__Work to be completed__. Leave every image out, and print the remaining lines below exactly.

[Data records]
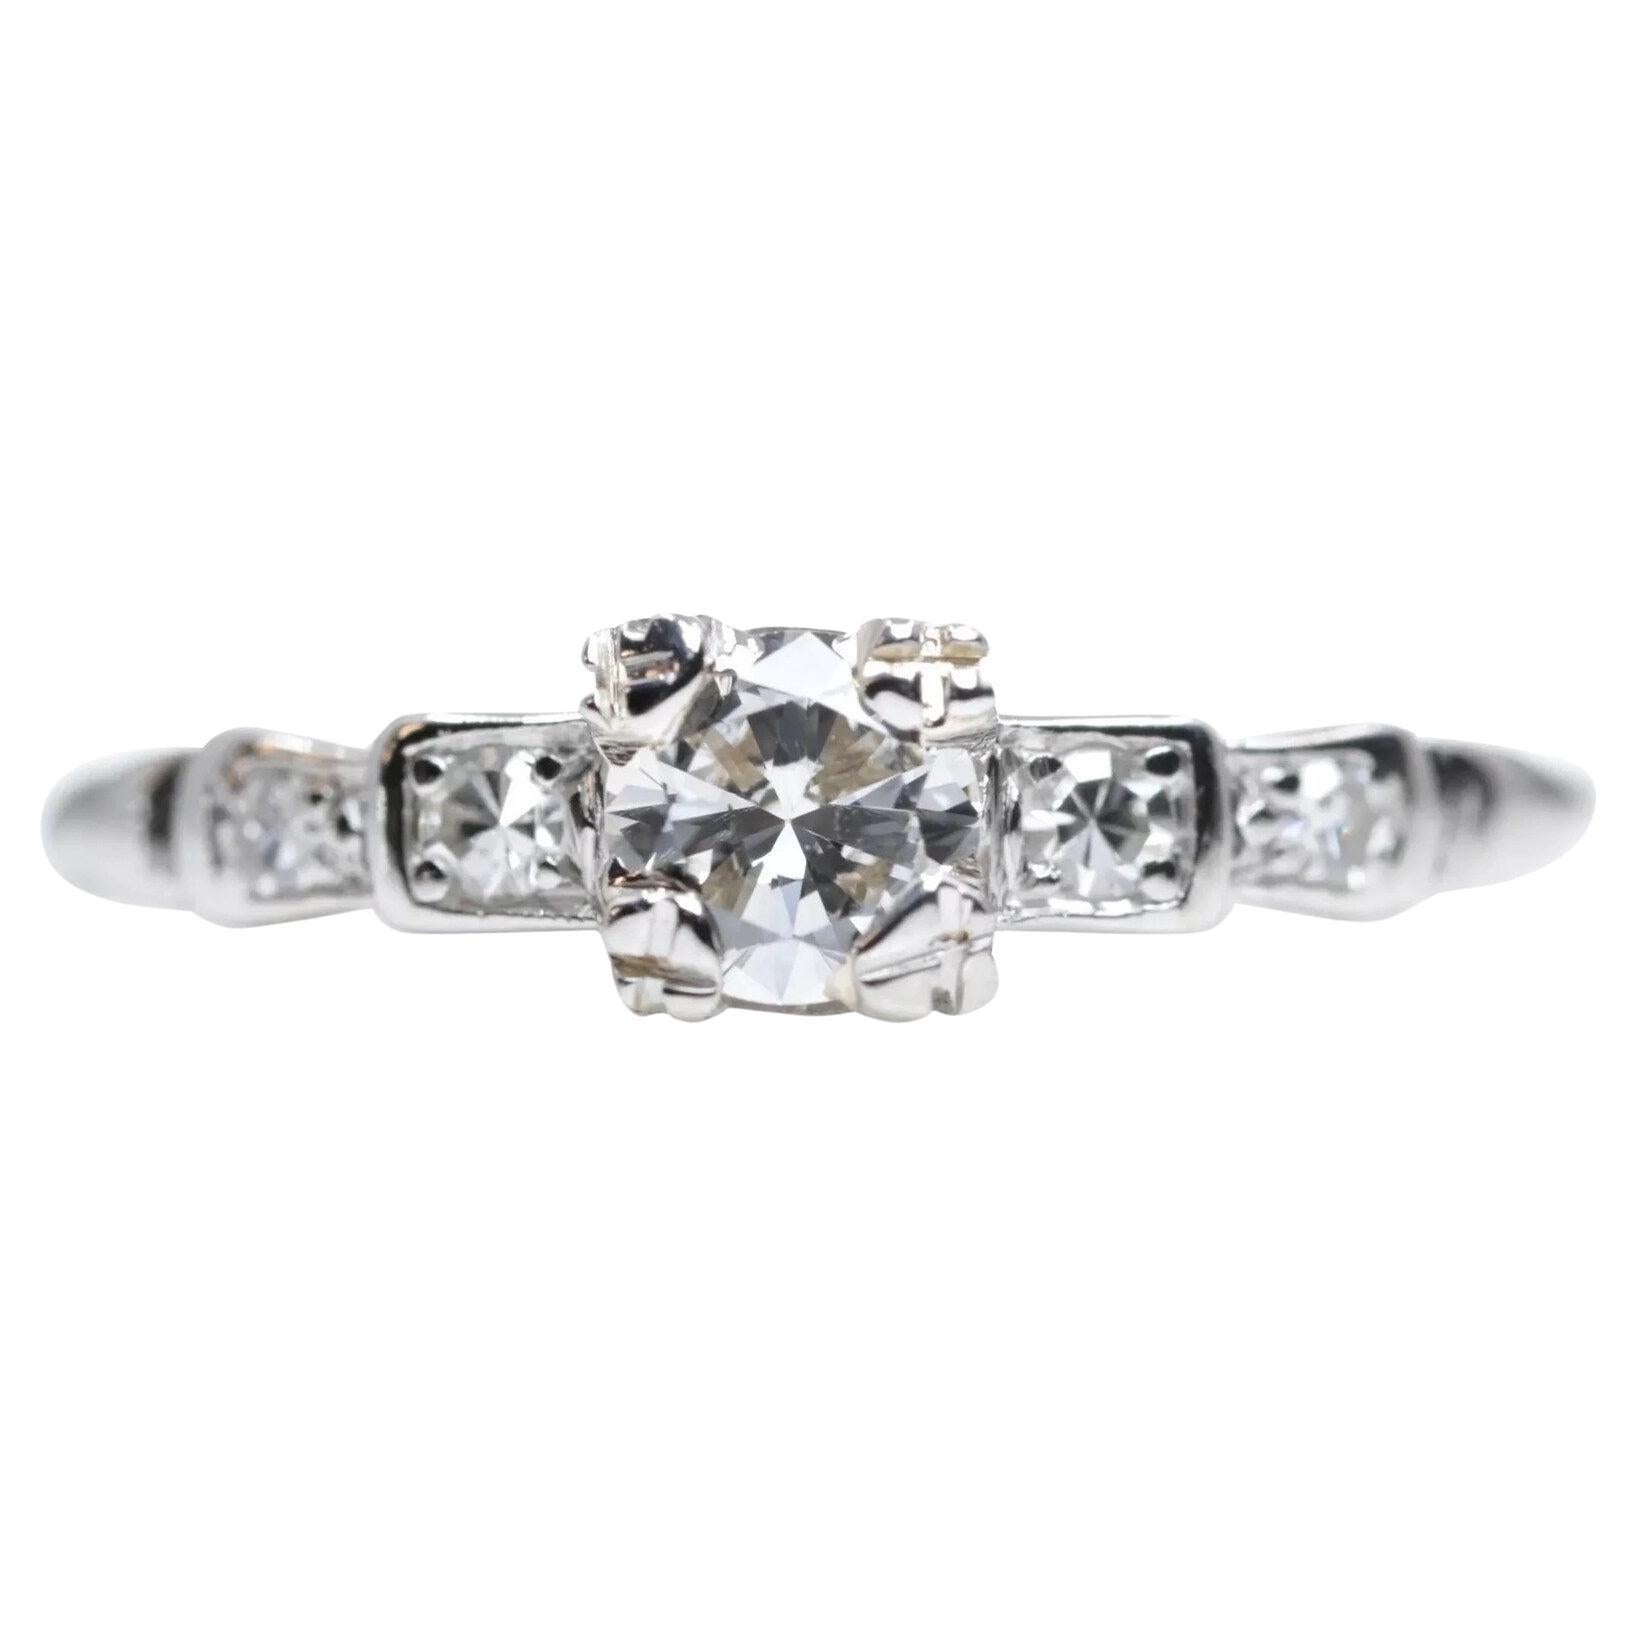 Art Deco 0.30ct European Cut Diamond Engagement Ring in Platinum
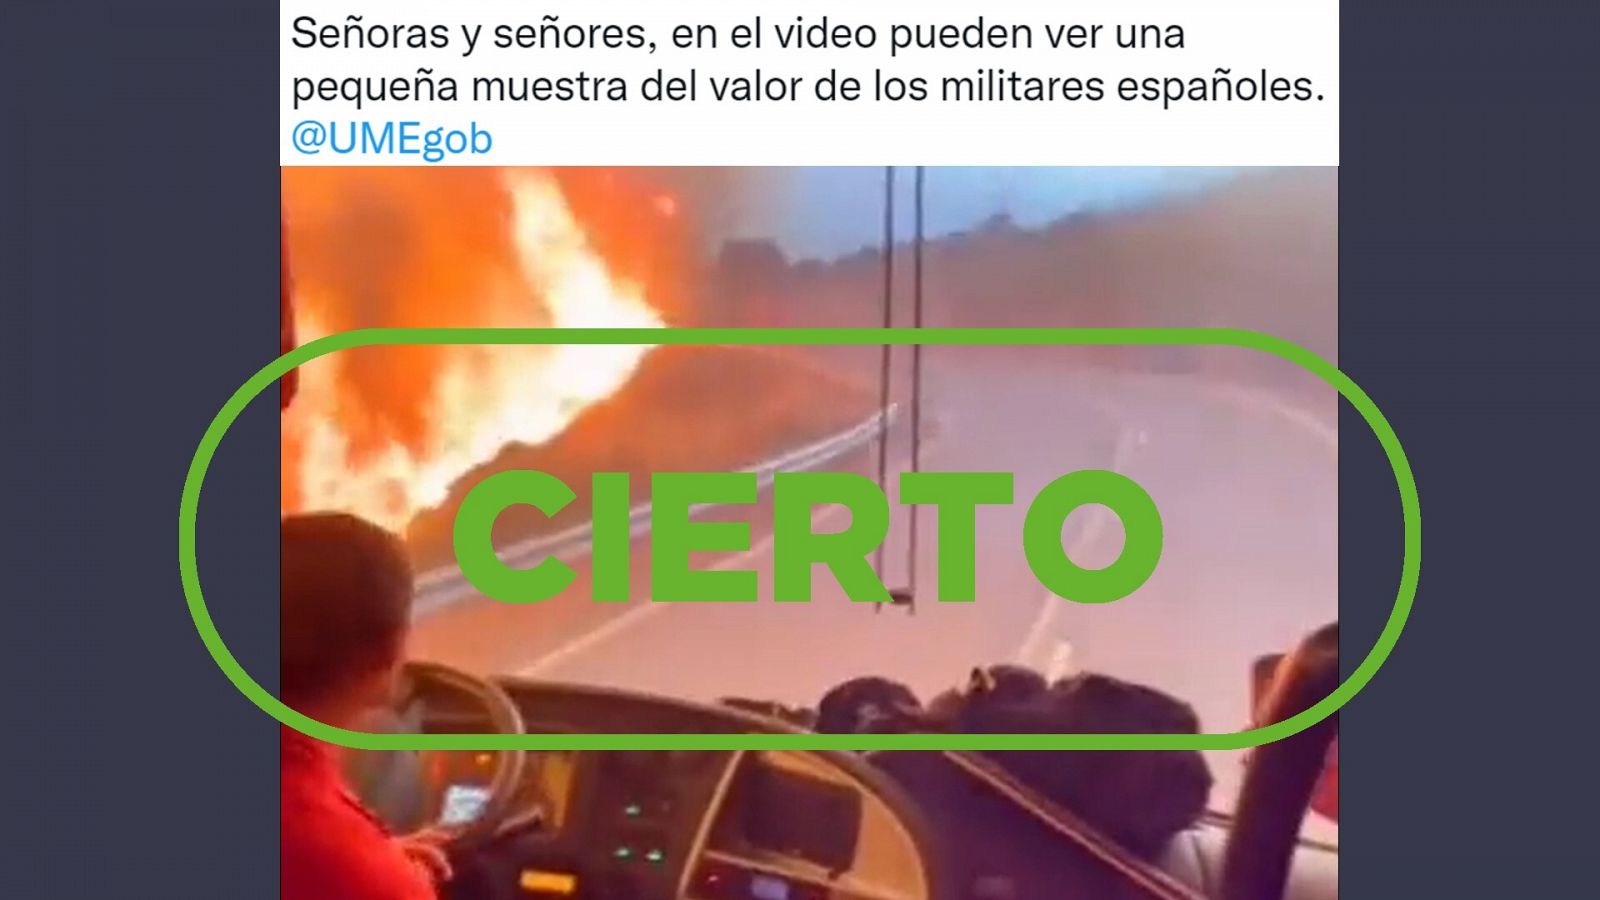 Vídeo publicado en Twitter que muestra al autobús de la UME cruzando el incendio de Bejís. Con el sello Cierto.
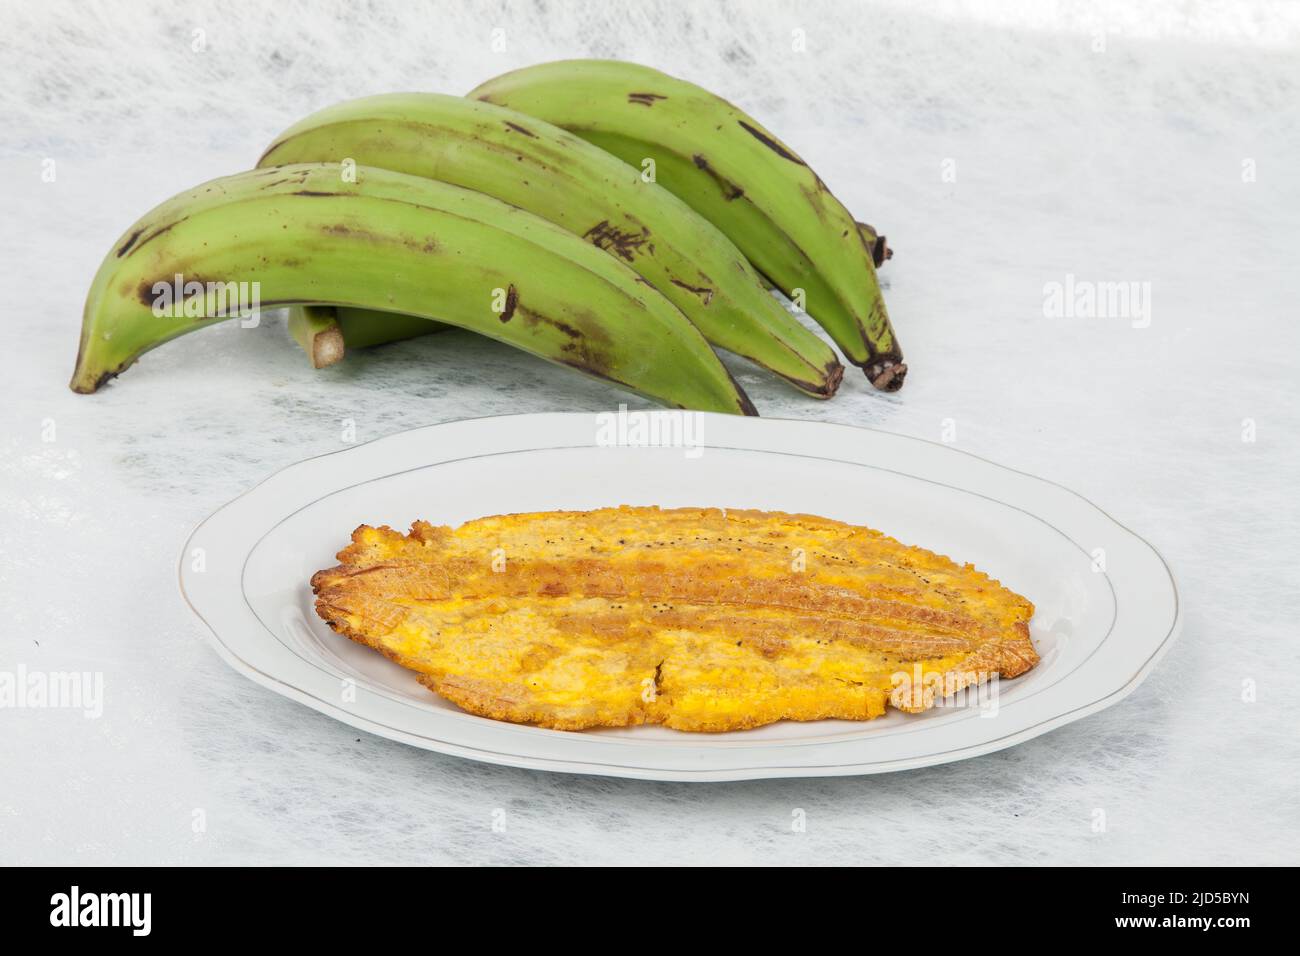 Patacon oder toston gebratene und abgeflachte Stücke von grünem Kochbananen, traditioneller Snack oder Begleitung in der Karibik. Stockfoto
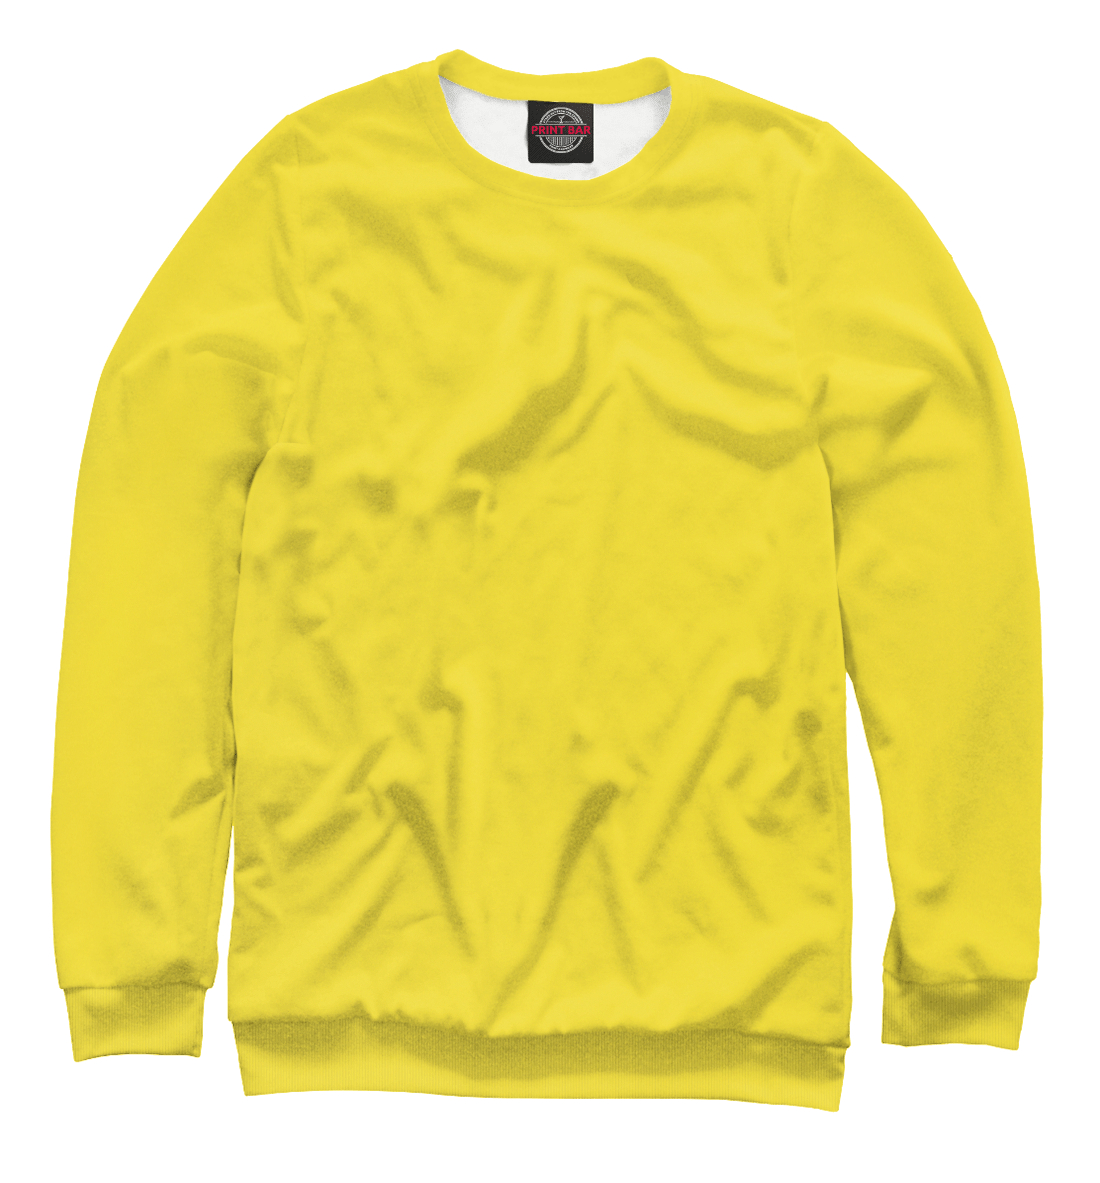 Детский Свитшот Цвет Рапсово-желтый для девочек, артикул CLR-692519-swi-1mp
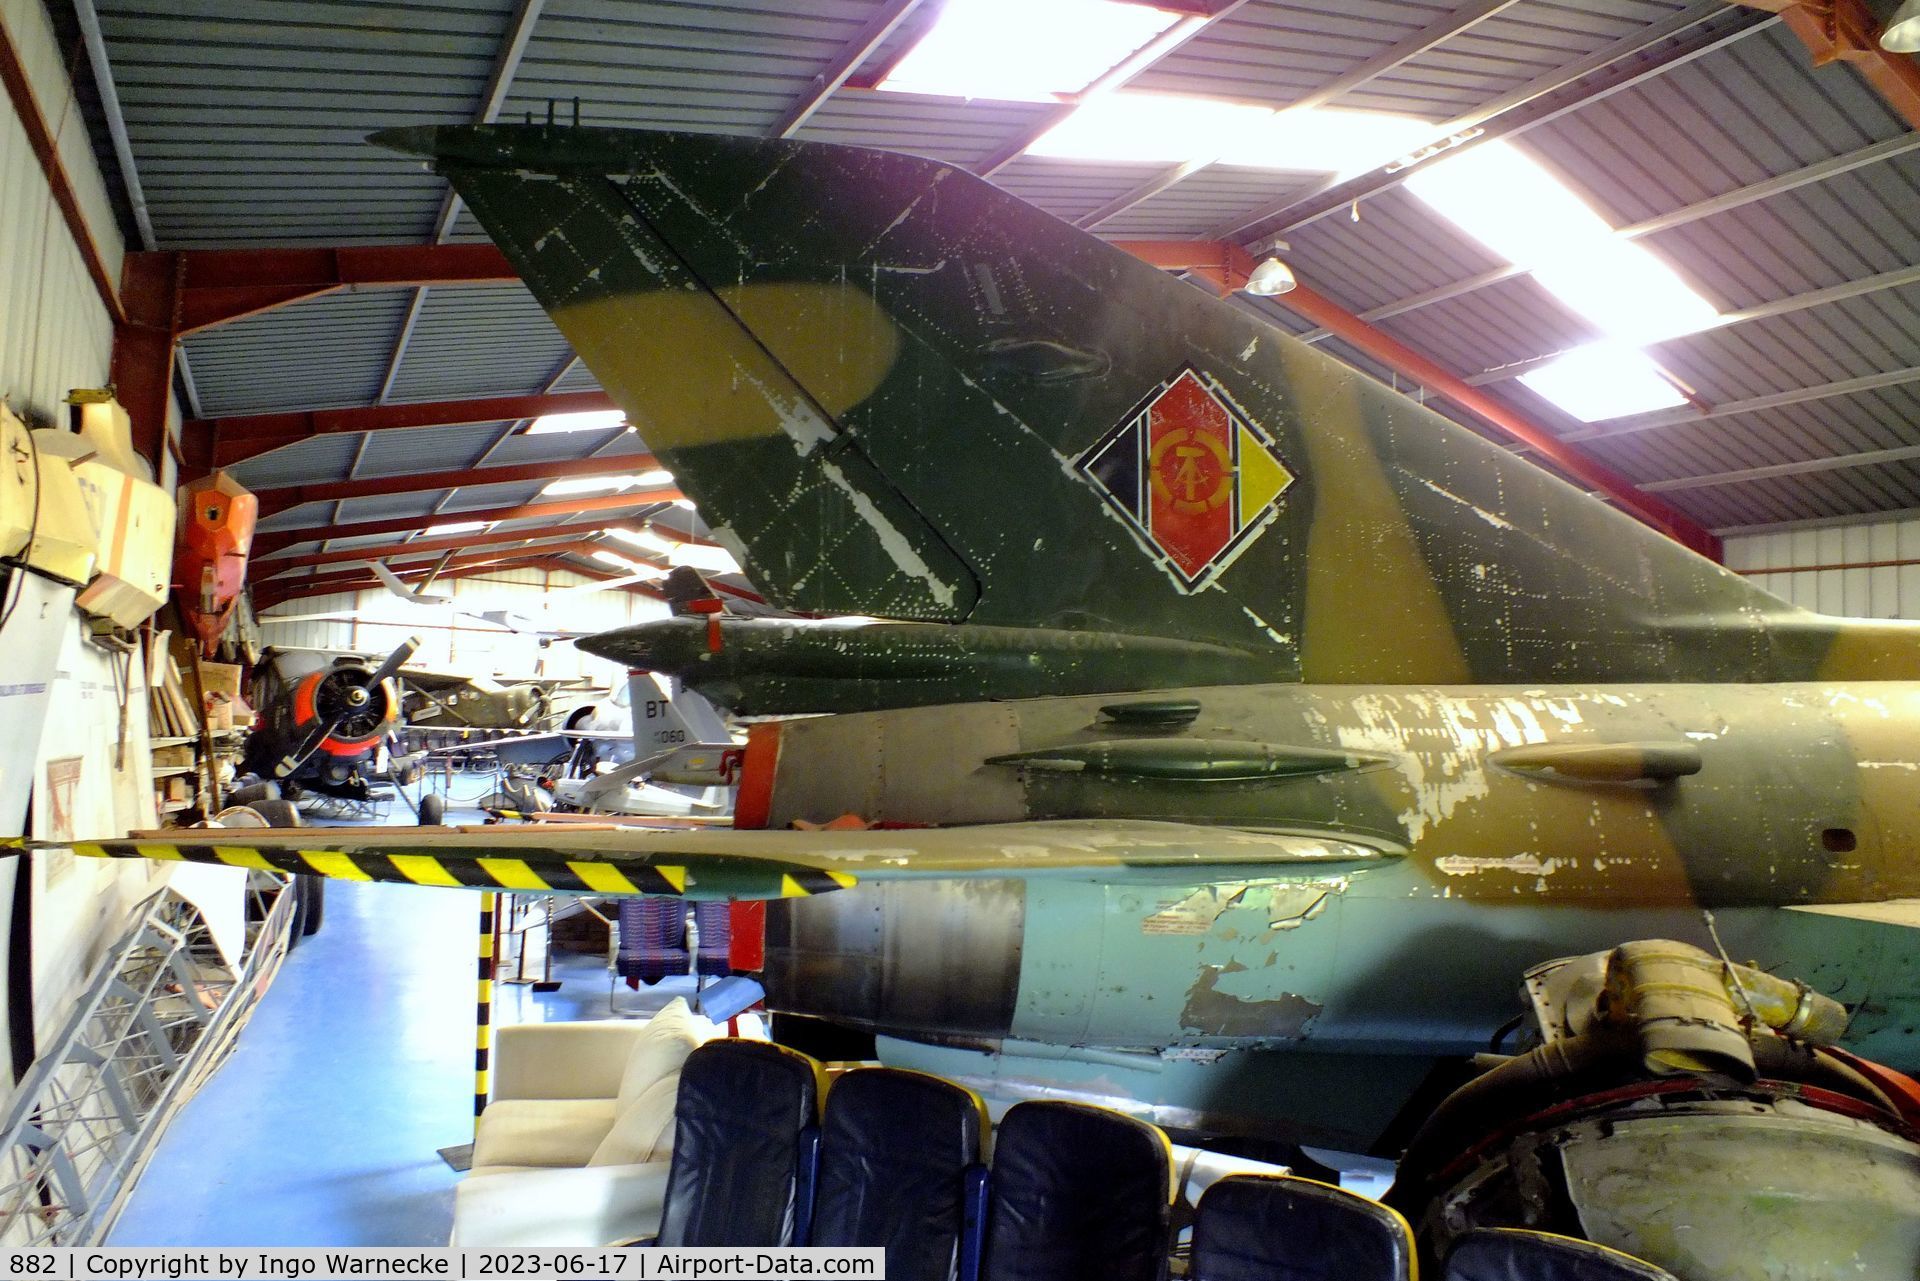 882, Mikoyan-Gurevich MiG-21SPS C/N 94A5207, Mikoyan i Gurevich MiG-21SPS FISHBED-F at the Musee de l'Epopee de l'Industrie et de l'Aeronautique, Albert

__Output below__.
 Art Deco 0.30ct European Cut Diamond Engagement Ring in Platinum
 Vídeo publicado en Twitter que muestra al autobús de la UME cruzando el incendio de Bejís. Con el sello Cierto.
 Patacon oder toston gebratene und abgeflachte Stücke von grünem Kochbananen, traditioneller Snack oder Begleitung in der Karibik. Stockfoto
 Детский Свитшот Цвет Рапсово-желтый для девочек, артикул CLR-692519-swi-1mp
 882, Mikoyan-Gurevich MiG-21SPS C/N 94A5207, Mikoyan i Gurevich MiG-21SPS FISHBED-F at the Musee de l'Epopee de l'Industrie et de l'Aeronautique, Albert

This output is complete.